И внезапно тебя осеняет: да ведь этот голос принадлежит герою «Огненных колесниц» [10], чемпиону в беге на четыреста метров шотландцу Эрику Лидделу, совершавшему свой бег во имя и во славу Господа… Потому напрасно Перкинс сегодня расточает свою сумеречную странность — в его исполнении все равно ощущается искорка успокаивающего тепла, бесконечно малая частица героического простодушия, уцелевшего в самом средоточии двоедушия и обмана. А сколько других, не нашедших для себя слов мыслей, сколько крошечных островков памяти невольно и тайно соскользнуло на звуковую дорожку, чтобы эта роль внезапно обнаружила всю филигранность работы актера, дублировавшего иностранного коллегу во французской версии «Убийства в Восточном экспрессе», сколько их понадобилось, чтобы осветить потемки души персонажа — всех, всех его бесконечно множащихся персонажей?..

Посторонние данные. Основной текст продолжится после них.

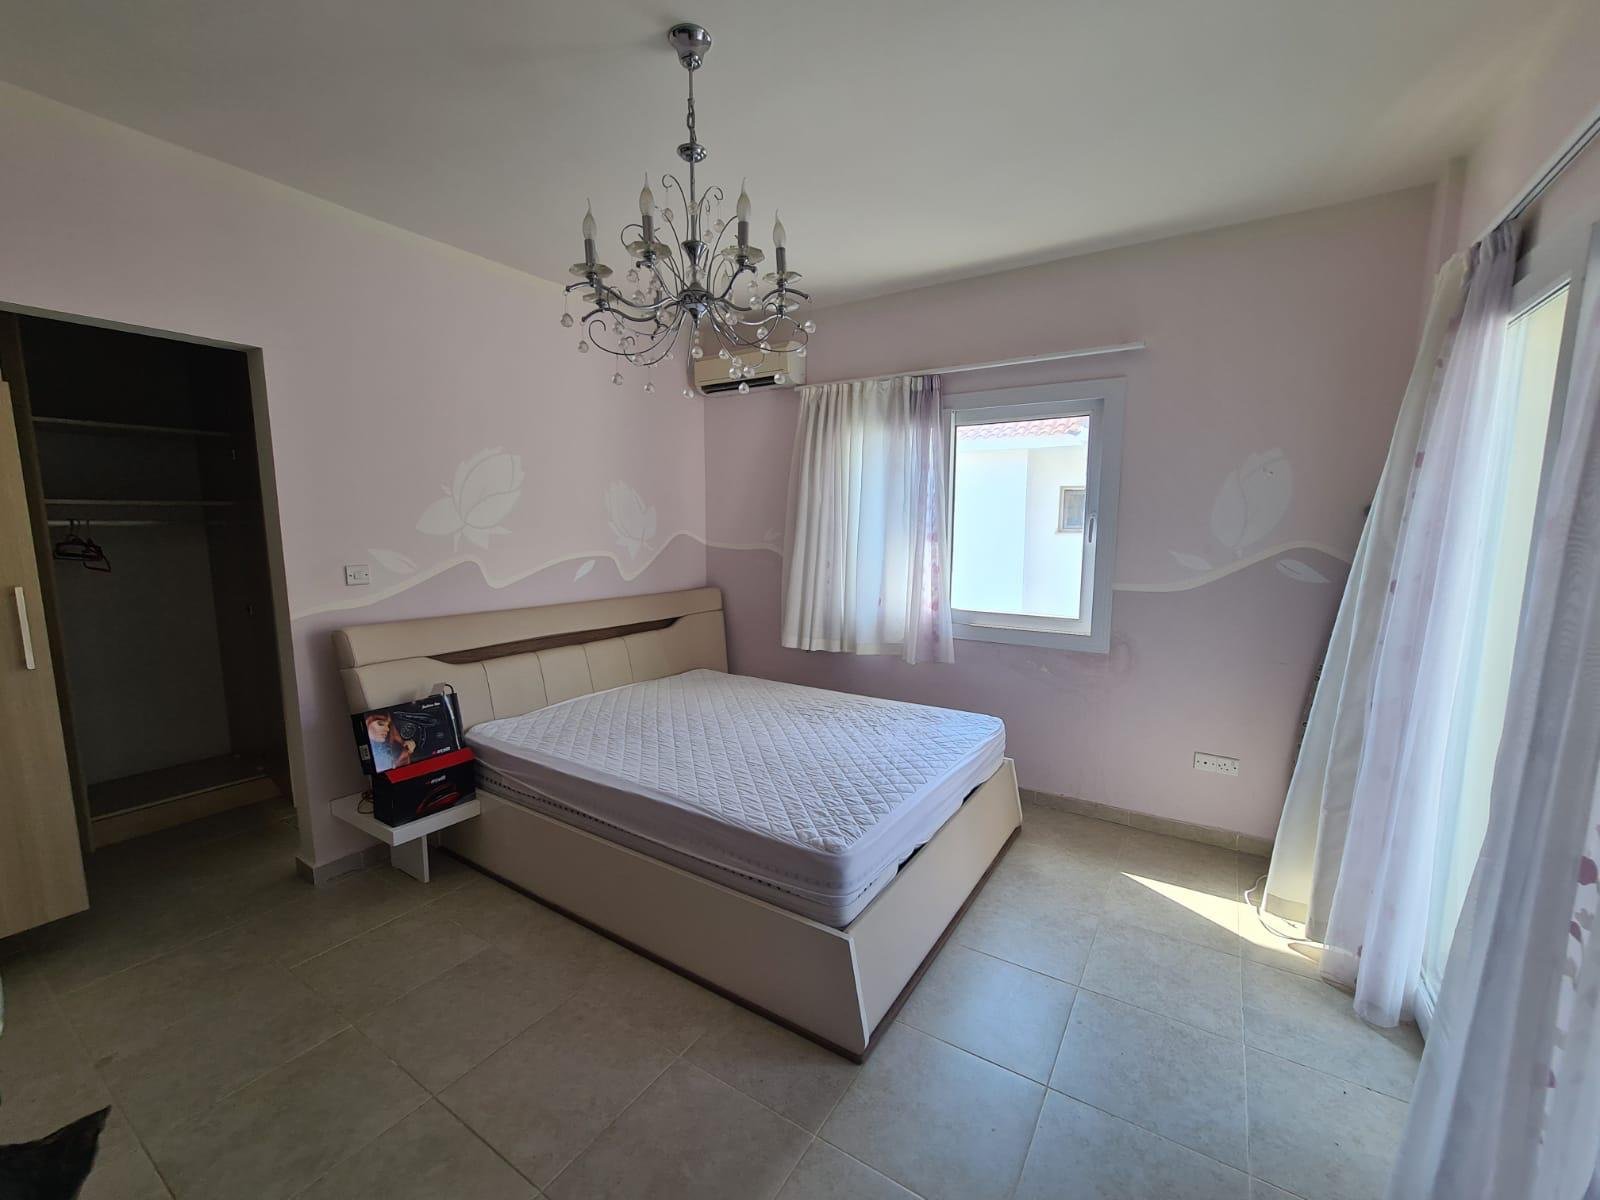 3 bedroom villa for sale in Kyrenia, Karshiyaka-d106bcda-fcf1-434d-b4c2-851013a59e20

Хорошее дело — дубляж. Конечно, всем известно, что настоящие любители кино смотрят только оригинальные версии, но для таких простофиль, как мы с тобой, подобный способ прожить фильм вовсе не так уж плох. Наоборот, он обогащает для нас картину странной и недоступной взгляду знатока смесью таинственности и непринужденности в обращении. Сами не понимая, как это происходит, мы переселяемся на пленку…

МЕТАЛЛИЧЕСКИЙ ДОЖДИК

Чаще всего он проливается в передней или на пороге детской. Проходя мимо, ты невольно коснешься рукой этих маленьких металлических трубочек, нанизанных на прочную нить. А там — что? Нечто отдаленно похожее на совиную голову, старомодный дизайн — одна из тех штук, которые выглядели так современно в семидесятые. Но главное — эти самые подвески снизу, и эта дробная музыка, рассеянно и мимоходом проигранная тобой. Она тебя не остановит. Разговор продолжается: давайте сюда пальто, красиво у тебя в комнате… И в то же время ты слегка рассеян. Звук медленно угасает, переходя от почти агрессивной жизнерадостности к вялой капели. Но он задержался в пространстве и терпеливо ищет себе место между аперитивными фразами, солью орешков и горечью виски. Вскоре забываешь обо всем, кроме последнего фильма, возмущаешься: да как вам может нравиться такое?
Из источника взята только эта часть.